Литмир - Электронная Библиотека

— «Золотая лихорадка» мне на руку, — усмехнулся Джефферс. — Жажда обогащения издавна движет людьми, и, кто знает, получил бы я средства на постройку астроплана, если бы руководство Компании, да и многочисленные держатели акций не верили в обогащение… Только вам, коммунистам, удалось найти более благородные стимулы прогресса. А мы пока действуем по старинке и утешаем себя тем, что и старые методы не всегда плохи: погоня за наживой привела к немалому числу открытий, у нее есть свои заслуги перед культурой и наукой… Венера, Венера, — словно прислушиваясь к звучанию слова, несколько раз повторил Джефферс. — Планета будущего, на которой, быть может, сейчас возникает жизнь! Вы станете свидетелями событий, которые происходили на Земле несколько миллиардов лет назад!.. Это настолько увлекательно, что я начинаю завидовать вам. Но почему вы держите свой замысел в тайне?..

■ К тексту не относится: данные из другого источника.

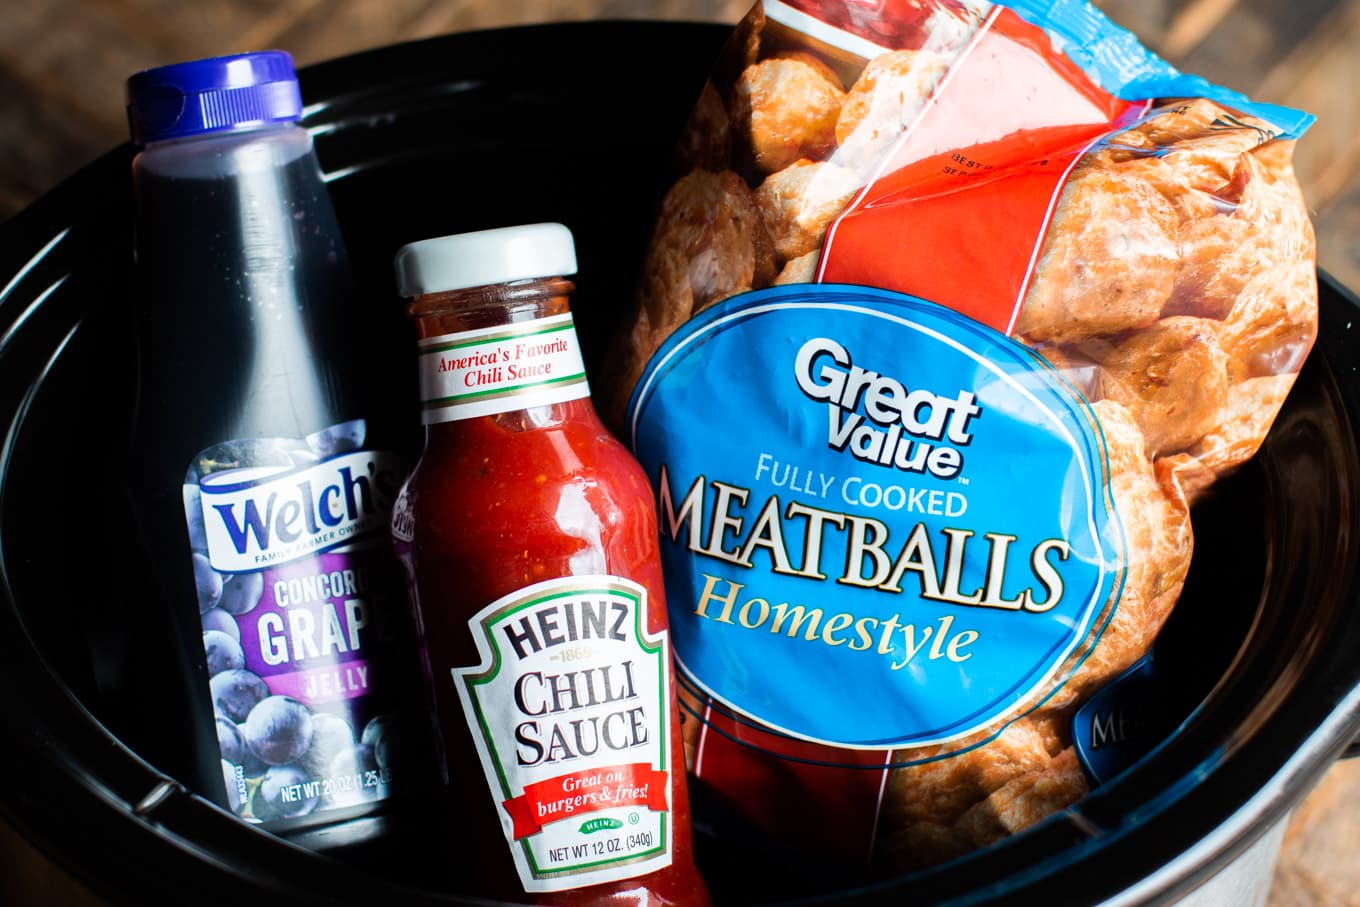 ingredients for grape jelly meatballs; grape jelly chili sauce, frozen meatballs
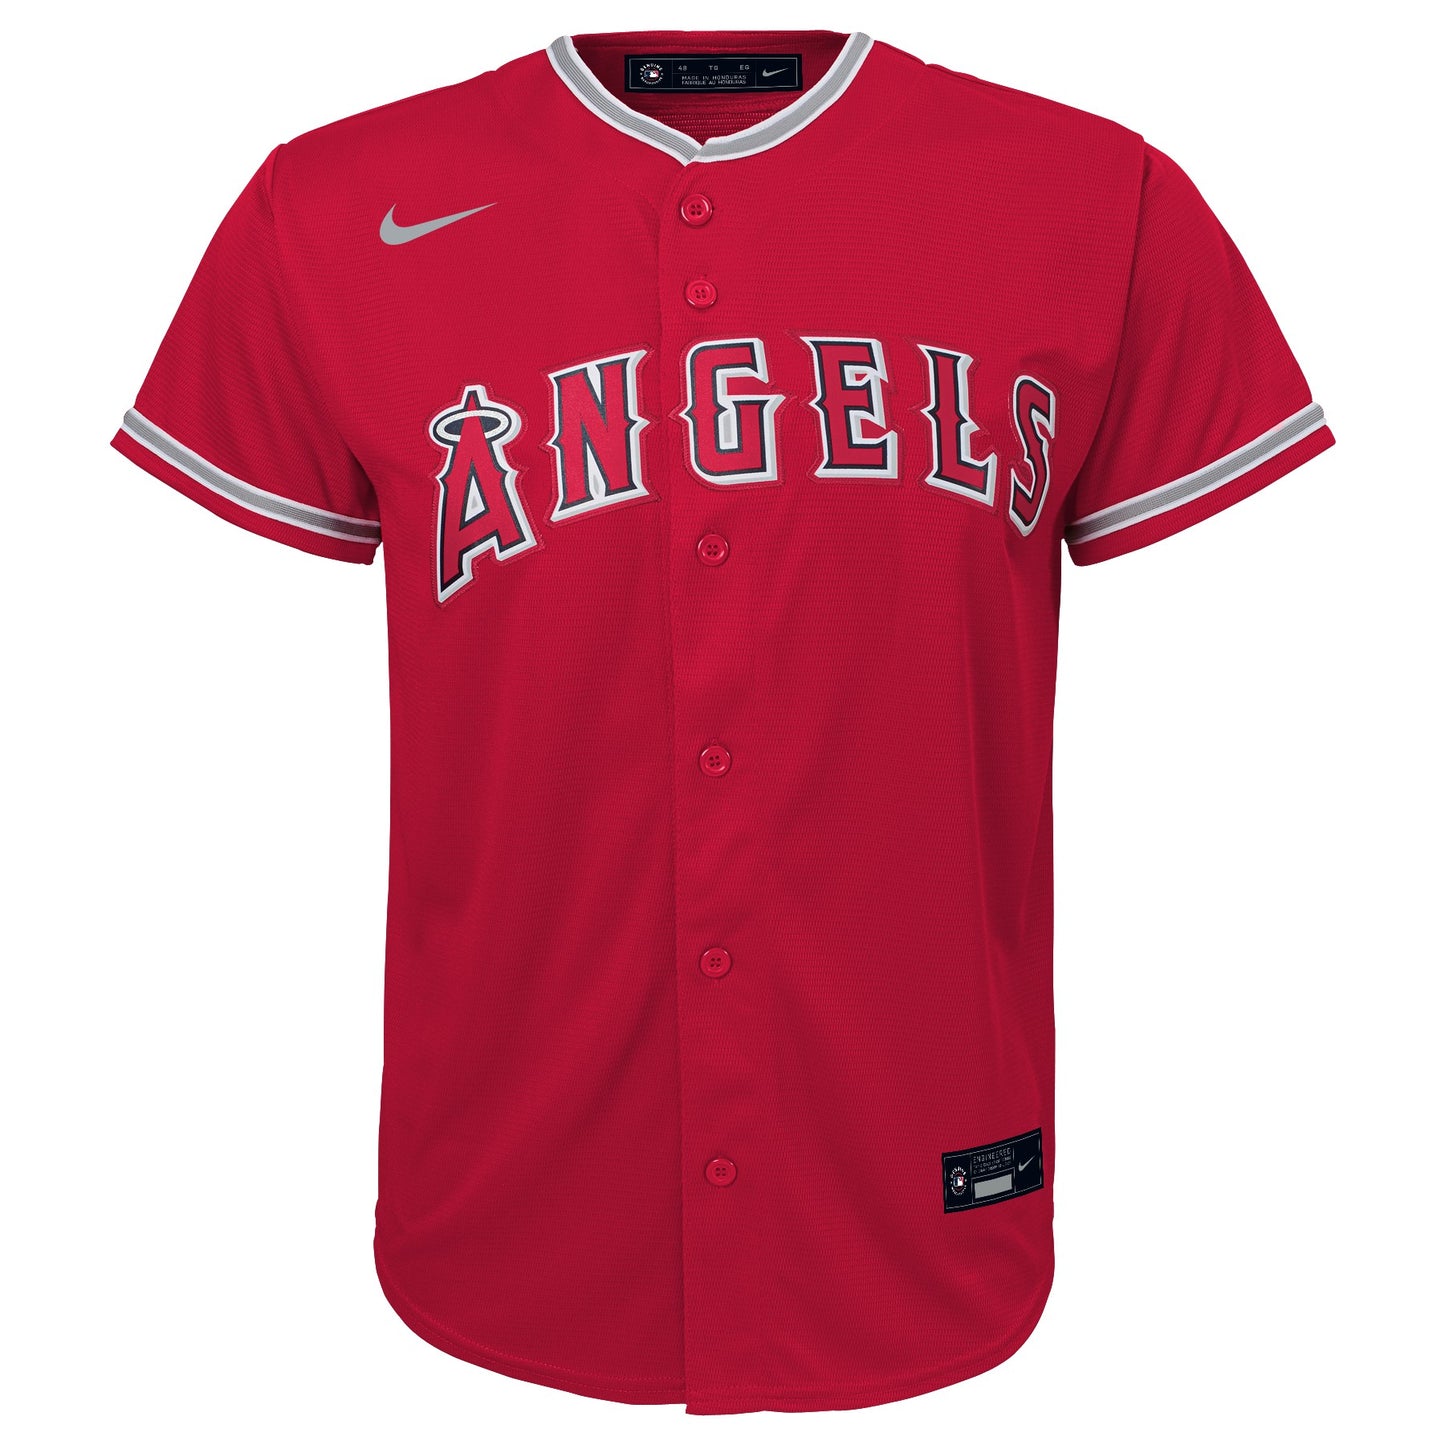 Preschool Mike Trout Los Angeles Angels Nike Red Child Replica Team Jersey

— А вы еще не знаете моего замысла. Пока я только сказал, куда полечу.

— Не понимаю.

— Сейчас поймете. Замысел мой предельно прост: я хочу ускорить развитие жизни на Венере, ускорить развитие ее биогеносферы. Если условия там таковы, что жизнь вот-вот может возникнуть или уже возникла, но еще очень слаба, то вполне можно вмешаться в этот процесс и заставить биогеносферу Венеры развиваться в нужном нам направлении… Вы спросите, как это сделать?.. С помощью более совершенной, более сильной жизни. Если предоставить Венеру самой себе, то пройдет еще несколько миллионов лет, прежде чем жизнь станет там хоть отдаленно похожей на земную, прежде чем на Венере сложатся условия, пригодные для существования людей… Но я сам занесу на Венеру земную жизнь — растения. Предки земных растений — хотя бы вон тех пальм, что растут на берегу океана, — уже прошли весь тот долгий и трудный путь, который предстоит пройти растительности на Венере. Современная земная растительность наделена приобретенной в прошлые эпохи способностью приспосабливаться к самым разнообразным природным условиям. И это вполне закономерно, потому что современные растения — это потомки наиболее живучих, наиболее гибких и стойких видов, все остальные — менее живучие, менее активные — бесследно вымерли.

Венера сегодня, так же как Земля несколько миллиардов лет назад, кажется мне похожей на оранжерею, в которой есть все — грунт, влага, тепло, но нет жизни. И мы своими руками бросим семена жизни на Венеру, и тогда безжизненная оранжерея превратится в цветущий сад. Земная растительность, унаследовавшая закалку своих далеких предков, наверняка приживется там и преобразует планету, точнее — ее биогеносферу. Она сделает там то же, что сделала на Земле в прошлом: создаст плодородные почвы, обогатит атмосферу кислородом, уменьшит в ней содержание углекислоты. По моим расчетам, уже через несколько десятилетий люди смогут жить на Венере так же, как сейчас они живут на Земле. И тогда начнется заселение Венеры. Раньше, когда людям на Земле становилось тесно, они переселялись в новые места. Но недалеко то время, когда вся Земля окажется заселенной одинаково плотно, и тогда наступит время космических переселений: люди начнут расселяться по «поясу жизни».

Ближайшая задача человечества, по-моему, и заключается в освоении других планет, в освоении космоса.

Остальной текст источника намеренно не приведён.